I've been using this version
It works for us propellerheads with SSH accounts... IIRC people with anon access have a ':' instead... so if MartinD's recipe doesn't work for you, try...
find . -type f -name Root -print0 | xargs -0 perl -pi -e 's/:cvs\.sourceforge/:moodle\.cvs\.sourceforge/'
Re: Sourceforge is down again - please help with checkout
mudrd8mz@moodle.cvs.sourceforge.net's password:
Could not chdir to home directory /home/users/m/mu/mudrd8mz: Transport endpoint is not connected
Cannot access /cvsroot/moodle/CVSROOT
No such file or directory
it must be Friday or something but I simply can't see any mistake... Can you somebody, please? thank you
Re: Sourceforge is down again - please help with checkout
Anybody?
mike
Re: Sourceforge is down again - please help with checkout
cvs commit: cannot find pre-commit filter `/cvsroot/sitedocs/CVSROOT/cvstools/cvs_acls': No such file or directory
Will try to wait, probably they are still working on the new CVS

Re: Sourceforge is down again - please help with checkout

mike
Re: Sourceforge is down again - please help with checkout
Well, this explains why I have not been able to get on the last few days!

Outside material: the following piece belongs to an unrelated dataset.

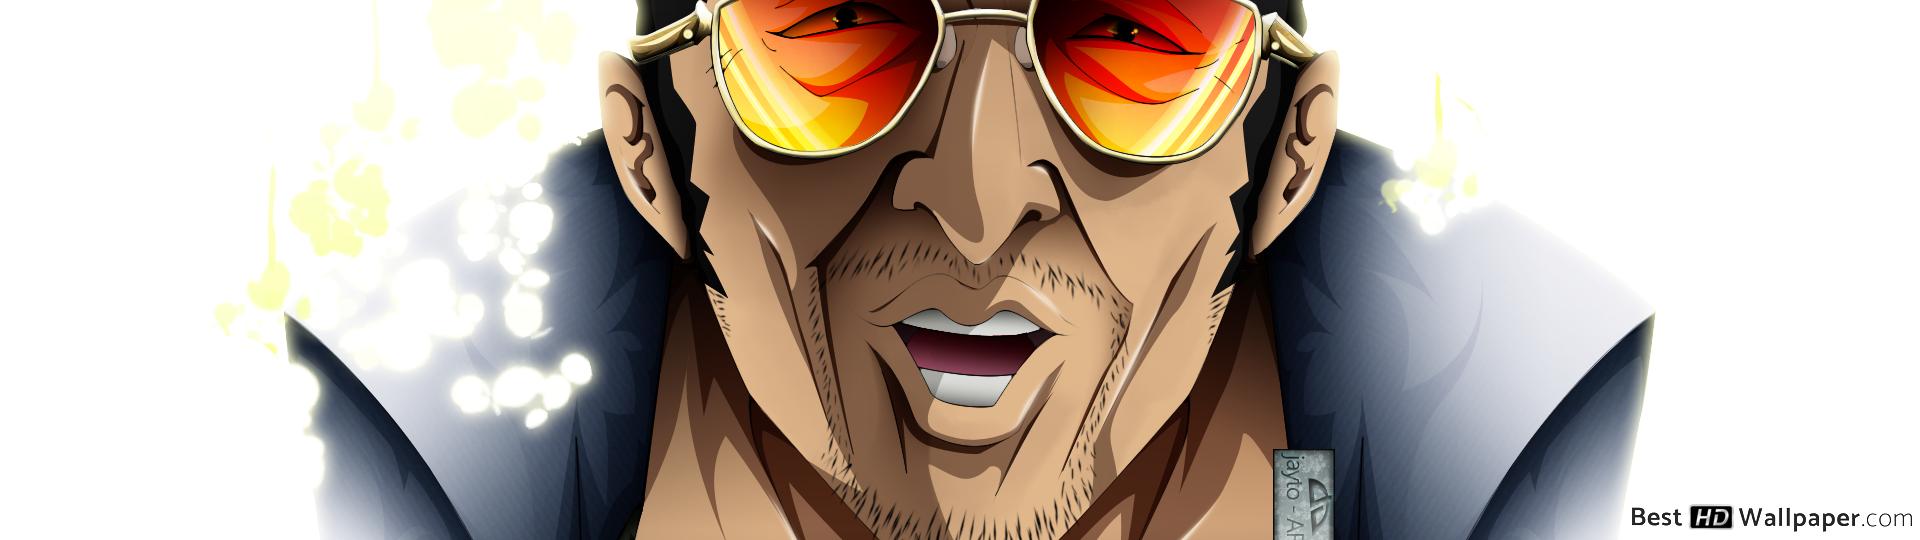 One Piece Kizaru Borsalino HD wallpaper download

I went to the CVS page in the download area and got the commands there and updated for what it sounded like they needed but I get this:
# cvs -d:pserver:anonymous@moodle.cvs.sourceforge.net:/cvsroot/moodle login
Logging in to :pserver:anonymous@moodle.cvs.sourceforge.net:2401/cvsroot/moodle
CVS password:
cvs login: failed to open /root/.cvspass for reading: No such file or directory
cvs [login aborted]: fatal error: exiting
I decided just for chuckles and grins to do the next command and lo, and behold it works!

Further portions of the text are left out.